Instructions for the task: Which lines in the data below contain the word "Dual"? Pull each of them out.

Stored dataset items:
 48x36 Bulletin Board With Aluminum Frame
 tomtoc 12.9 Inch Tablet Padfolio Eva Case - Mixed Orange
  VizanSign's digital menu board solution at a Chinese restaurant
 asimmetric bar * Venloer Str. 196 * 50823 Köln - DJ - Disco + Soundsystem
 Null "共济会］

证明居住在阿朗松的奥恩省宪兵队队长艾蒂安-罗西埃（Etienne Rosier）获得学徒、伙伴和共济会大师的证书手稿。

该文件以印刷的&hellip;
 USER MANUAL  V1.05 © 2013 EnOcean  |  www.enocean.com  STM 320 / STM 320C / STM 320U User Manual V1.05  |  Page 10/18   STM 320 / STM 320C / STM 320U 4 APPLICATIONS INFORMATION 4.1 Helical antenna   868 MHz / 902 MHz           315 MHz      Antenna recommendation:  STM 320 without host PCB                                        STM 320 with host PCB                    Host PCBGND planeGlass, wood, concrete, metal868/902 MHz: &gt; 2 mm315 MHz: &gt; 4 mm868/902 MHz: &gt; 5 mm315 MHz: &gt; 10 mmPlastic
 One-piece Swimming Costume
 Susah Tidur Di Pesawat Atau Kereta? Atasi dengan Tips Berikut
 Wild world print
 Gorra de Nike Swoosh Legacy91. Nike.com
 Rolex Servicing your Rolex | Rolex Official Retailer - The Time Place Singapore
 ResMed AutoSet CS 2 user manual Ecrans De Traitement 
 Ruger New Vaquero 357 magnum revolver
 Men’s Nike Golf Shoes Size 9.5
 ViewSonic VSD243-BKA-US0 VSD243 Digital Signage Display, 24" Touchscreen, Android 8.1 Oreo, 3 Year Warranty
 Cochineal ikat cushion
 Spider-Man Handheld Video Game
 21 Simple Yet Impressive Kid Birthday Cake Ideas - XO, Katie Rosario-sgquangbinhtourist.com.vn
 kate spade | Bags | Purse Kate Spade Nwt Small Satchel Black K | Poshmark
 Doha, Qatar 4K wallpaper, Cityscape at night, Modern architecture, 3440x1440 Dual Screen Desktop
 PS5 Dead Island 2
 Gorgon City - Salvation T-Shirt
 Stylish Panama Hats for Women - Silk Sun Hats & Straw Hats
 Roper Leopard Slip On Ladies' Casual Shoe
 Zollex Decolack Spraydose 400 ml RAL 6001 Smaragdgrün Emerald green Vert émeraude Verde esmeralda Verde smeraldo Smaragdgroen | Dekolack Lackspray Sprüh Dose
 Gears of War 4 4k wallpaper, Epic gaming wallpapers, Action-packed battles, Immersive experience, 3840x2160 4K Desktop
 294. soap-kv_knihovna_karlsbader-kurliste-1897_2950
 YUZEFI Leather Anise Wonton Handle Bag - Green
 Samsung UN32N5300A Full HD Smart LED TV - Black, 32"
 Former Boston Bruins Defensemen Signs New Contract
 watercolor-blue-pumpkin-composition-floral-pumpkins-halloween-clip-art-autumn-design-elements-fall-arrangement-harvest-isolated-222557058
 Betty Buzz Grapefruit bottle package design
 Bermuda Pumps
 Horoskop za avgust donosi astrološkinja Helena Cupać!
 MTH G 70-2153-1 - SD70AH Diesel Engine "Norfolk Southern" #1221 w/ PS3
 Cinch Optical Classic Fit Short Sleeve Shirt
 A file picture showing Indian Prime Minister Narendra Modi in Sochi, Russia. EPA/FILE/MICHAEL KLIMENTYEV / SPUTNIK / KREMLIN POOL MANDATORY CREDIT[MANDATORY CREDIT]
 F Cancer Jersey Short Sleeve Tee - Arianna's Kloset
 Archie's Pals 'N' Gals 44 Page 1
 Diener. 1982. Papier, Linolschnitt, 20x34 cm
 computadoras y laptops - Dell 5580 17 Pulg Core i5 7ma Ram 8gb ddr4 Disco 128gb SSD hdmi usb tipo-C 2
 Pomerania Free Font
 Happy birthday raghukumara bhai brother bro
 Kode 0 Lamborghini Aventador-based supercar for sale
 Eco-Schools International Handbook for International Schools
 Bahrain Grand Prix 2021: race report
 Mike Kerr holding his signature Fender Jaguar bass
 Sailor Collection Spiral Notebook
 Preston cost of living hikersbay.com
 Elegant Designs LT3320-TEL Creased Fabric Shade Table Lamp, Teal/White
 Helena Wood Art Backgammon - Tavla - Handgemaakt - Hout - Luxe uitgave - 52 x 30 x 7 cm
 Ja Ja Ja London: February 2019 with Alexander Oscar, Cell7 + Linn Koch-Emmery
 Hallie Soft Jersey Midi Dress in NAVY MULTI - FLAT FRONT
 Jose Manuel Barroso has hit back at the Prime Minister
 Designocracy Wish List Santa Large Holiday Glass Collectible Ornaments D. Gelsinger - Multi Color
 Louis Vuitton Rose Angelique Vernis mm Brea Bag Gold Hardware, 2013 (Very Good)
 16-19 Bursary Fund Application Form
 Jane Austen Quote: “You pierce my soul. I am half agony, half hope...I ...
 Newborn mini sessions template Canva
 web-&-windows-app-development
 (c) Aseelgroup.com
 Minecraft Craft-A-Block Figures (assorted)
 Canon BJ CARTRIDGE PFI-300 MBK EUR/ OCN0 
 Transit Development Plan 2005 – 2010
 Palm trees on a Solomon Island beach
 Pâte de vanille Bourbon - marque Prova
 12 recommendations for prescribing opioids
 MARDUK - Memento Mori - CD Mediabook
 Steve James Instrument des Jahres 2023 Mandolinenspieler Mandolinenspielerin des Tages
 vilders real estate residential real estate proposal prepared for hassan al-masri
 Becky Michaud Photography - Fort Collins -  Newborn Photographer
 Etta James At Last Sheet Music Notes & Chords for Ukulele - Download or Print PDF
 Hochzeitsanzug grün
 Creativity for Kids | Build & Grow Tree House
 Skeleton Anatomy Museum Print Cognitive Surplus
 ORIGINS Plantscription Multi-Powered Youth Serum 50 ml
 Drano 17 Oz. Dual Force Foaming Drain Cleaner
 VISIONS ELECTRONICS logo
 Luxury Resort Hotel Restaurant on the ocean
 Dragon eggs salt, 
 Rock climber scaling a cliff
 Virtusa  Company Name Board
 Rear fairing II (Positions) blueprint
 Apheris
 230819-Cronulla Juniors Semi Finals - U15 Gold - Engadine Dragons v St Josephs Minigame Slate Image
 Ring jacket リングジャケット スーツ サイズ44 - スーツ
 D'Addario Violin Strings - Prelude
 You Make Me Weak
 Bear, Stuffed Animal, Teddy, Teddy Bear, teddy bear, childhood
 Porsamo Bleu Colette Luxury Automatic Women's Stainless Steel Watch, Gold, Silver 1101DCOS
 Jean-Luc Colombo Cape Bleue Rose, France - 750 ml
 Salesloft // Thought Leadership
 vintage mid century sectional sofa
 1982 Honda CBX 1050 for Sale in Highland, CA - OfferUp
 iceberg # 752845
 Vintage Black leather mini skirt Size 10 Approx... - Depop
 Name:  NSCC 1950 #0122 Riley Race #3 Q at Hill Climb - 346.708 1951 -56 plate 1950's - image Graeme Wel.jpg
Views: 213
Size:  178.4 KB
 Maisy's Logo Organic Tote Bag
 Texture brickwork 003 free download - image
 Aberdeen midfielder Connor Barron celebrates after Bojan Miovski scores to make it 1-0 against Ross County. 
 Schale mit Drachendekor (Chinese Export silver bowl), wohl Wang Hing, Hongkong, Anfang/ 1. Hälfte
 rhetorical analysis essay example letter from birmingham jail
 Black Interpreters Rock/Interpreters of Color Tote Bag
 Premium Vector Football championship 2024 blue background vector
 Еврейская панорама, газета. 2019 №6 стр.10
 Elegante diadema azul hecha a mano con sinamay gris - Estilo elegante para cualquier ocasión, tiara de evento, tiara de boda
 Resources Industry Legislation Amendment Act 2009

Output:
 Doha, Qatar 4K wallpaper, Cityscape at night, Modern architecture, 3440x1440 Dual Screen Desktop
 Drano 17 Oz. Dual Force Foaming Drain Cleaner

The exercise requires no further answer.